Bütün olan bitene rağmen Müslüman ülkeler ve onların liderlerinden bir iki cılız ifade dışında dişe dokunur bir açıklama gelmemiştir.
Papa bile Kudüs’ün mevcut statükosunun değişmemesi gerektiğini vurgularken Katar’a aslan kesilen Arap liderler dahi Türkiye’de ki bir sanatçı kadar dik bir duruş sergileyememiştir.
Ümmetin çilesini tek başına üstlenmiş olan Sayın Cumhurbaşkanımız “Kudüs’ün statüsü konusunda atılacak yanlış bir adım, tüm İslam âleminde infiale sebep olacaktır” açıklamasıyla İslam’ın mahremi, namusu Kudüs’te olabileceklere işaret etmiştir.

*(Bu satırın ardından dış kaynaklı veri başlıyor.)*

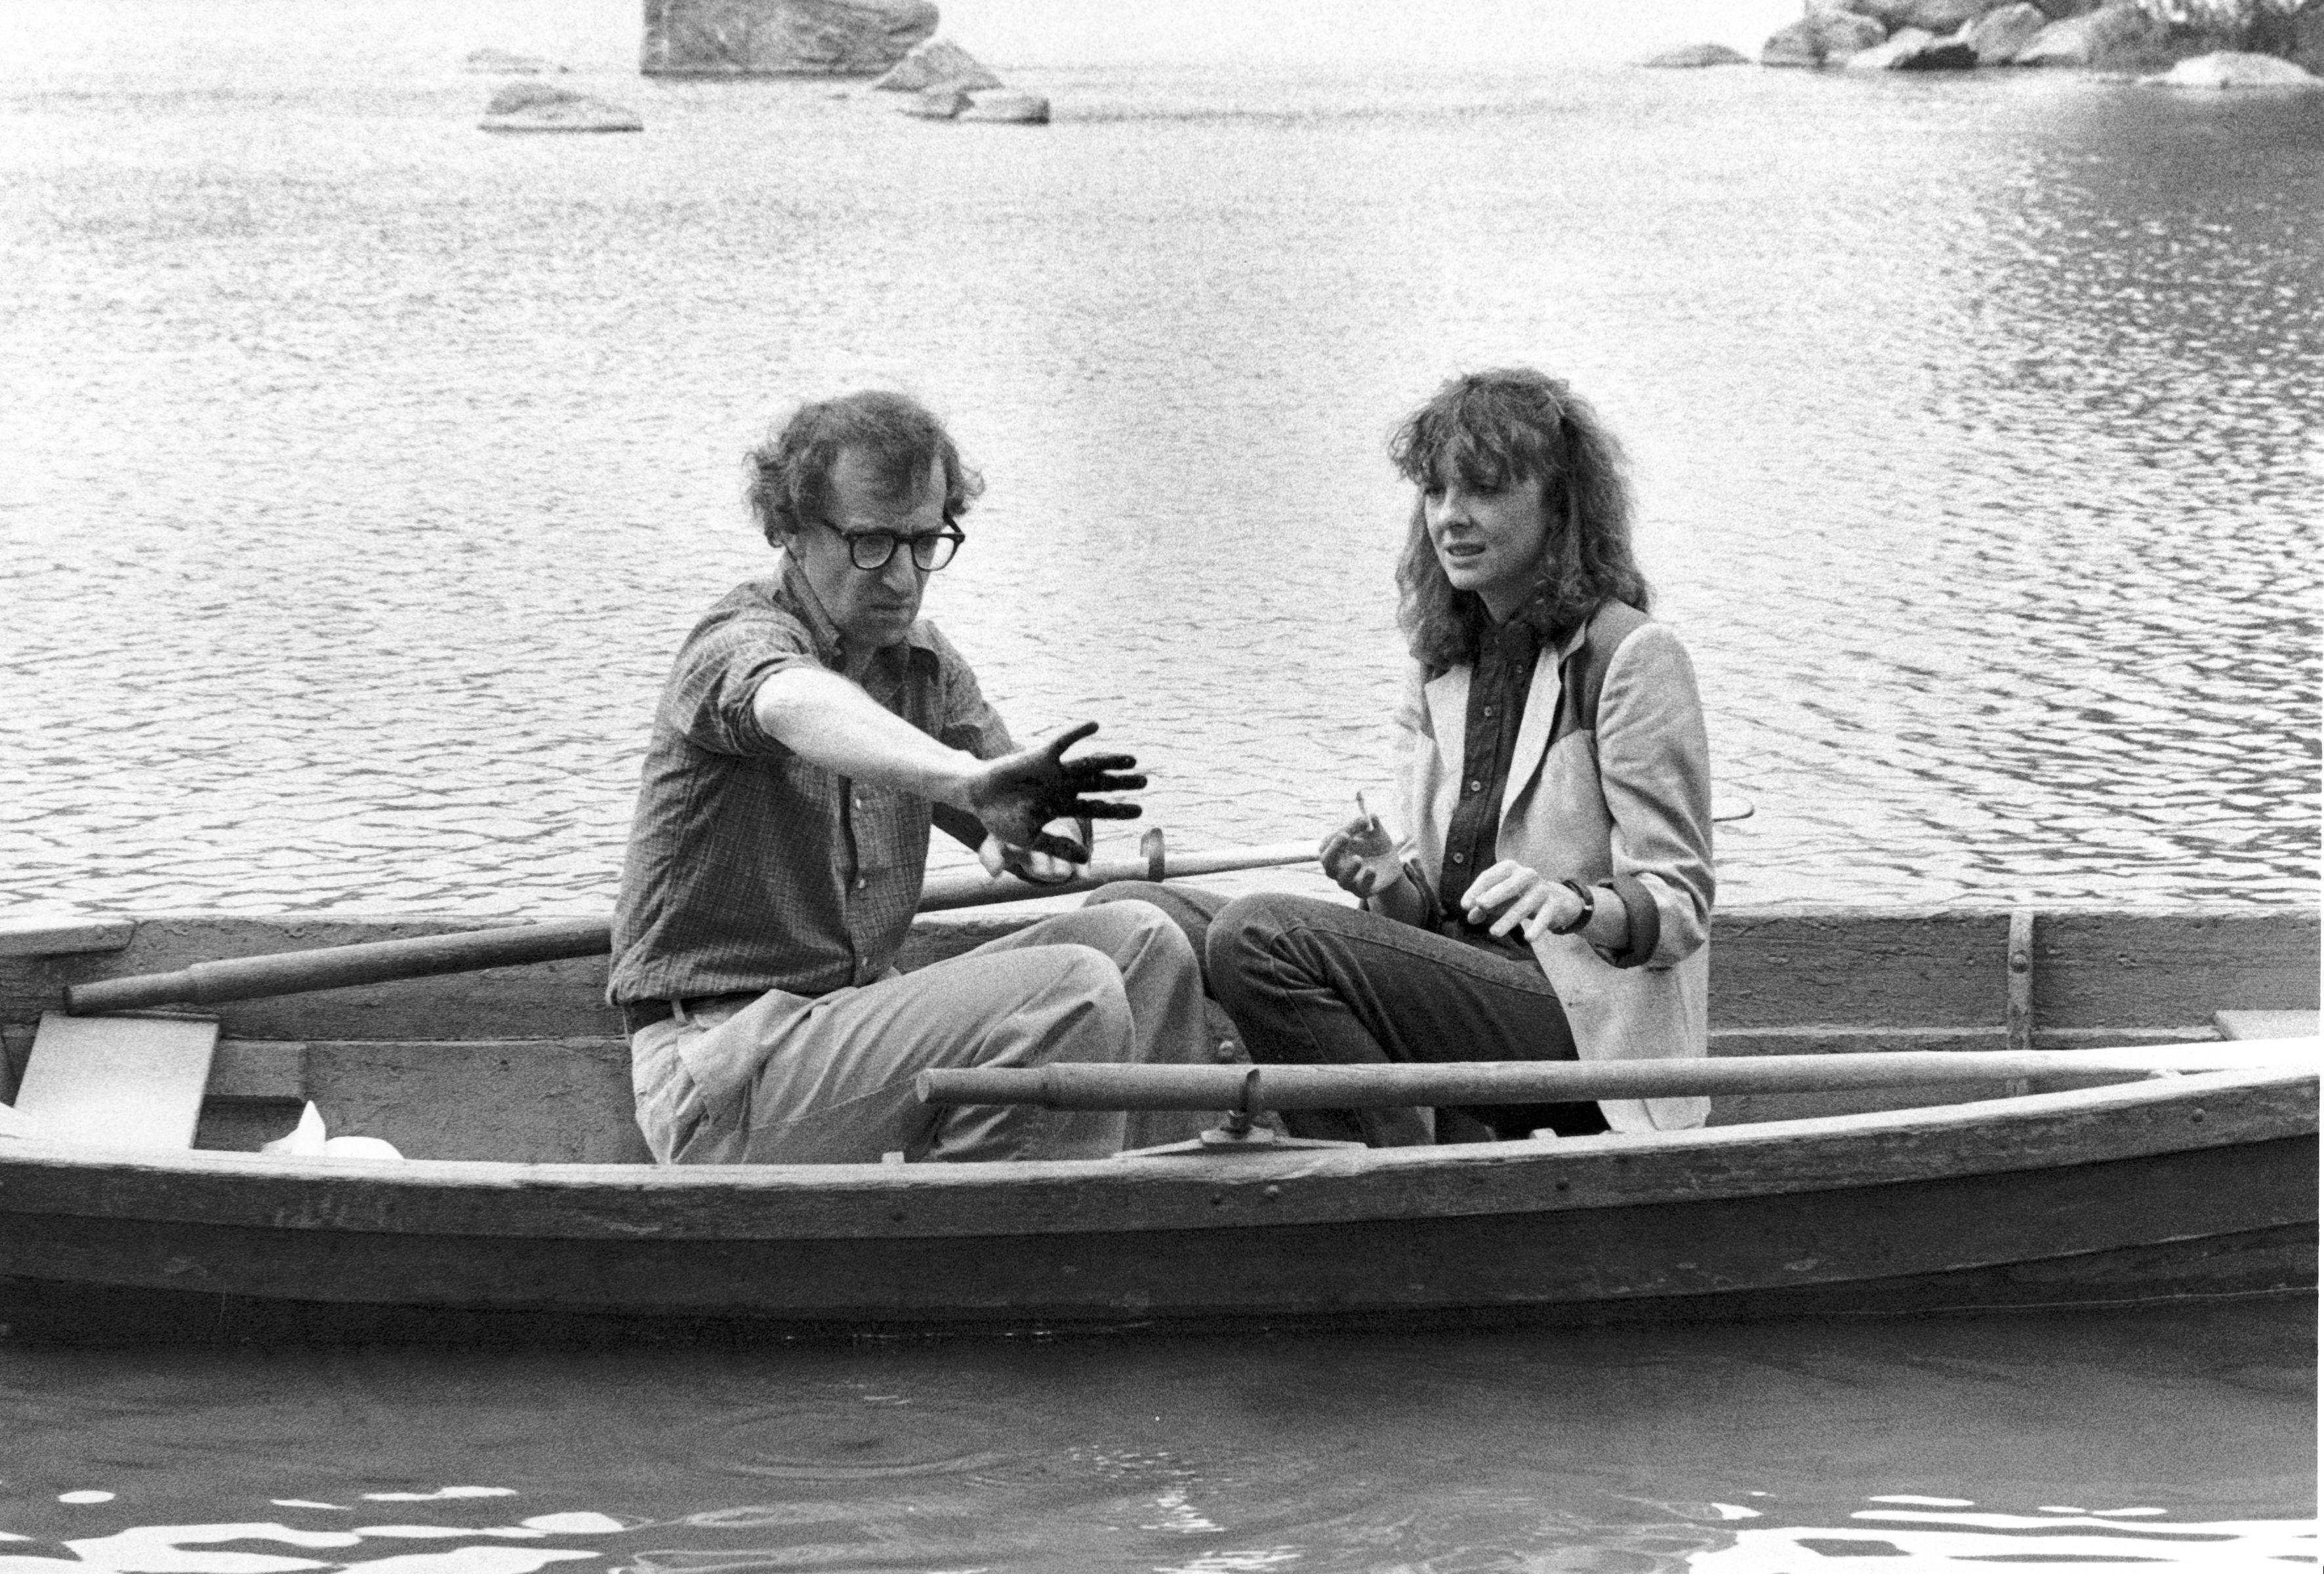 Woody Allen and Diane Keaton in Manhattan (1979)

Sonuç olarak, Sayın Cumhurbaşkanımızın da ifade ettiği gibi, Trump’ın kararı son derece yanlış ve tehlikeli bir karardır. Bizler ümmet olarak bu yanlış kararın sonuna kadar karşısında olacağız. İnanıyorum ki bu karar inananları tek yürek olarak birleştirecek ve neticesinde ne İsrail bu kararı uygulamaya geçirebilecek ne de ABD bu kararın arkasında durabilecektir. Unutulmamalıdır ki inananların kalbi ilk kıblesi olan Kudüs’te atmaktadır.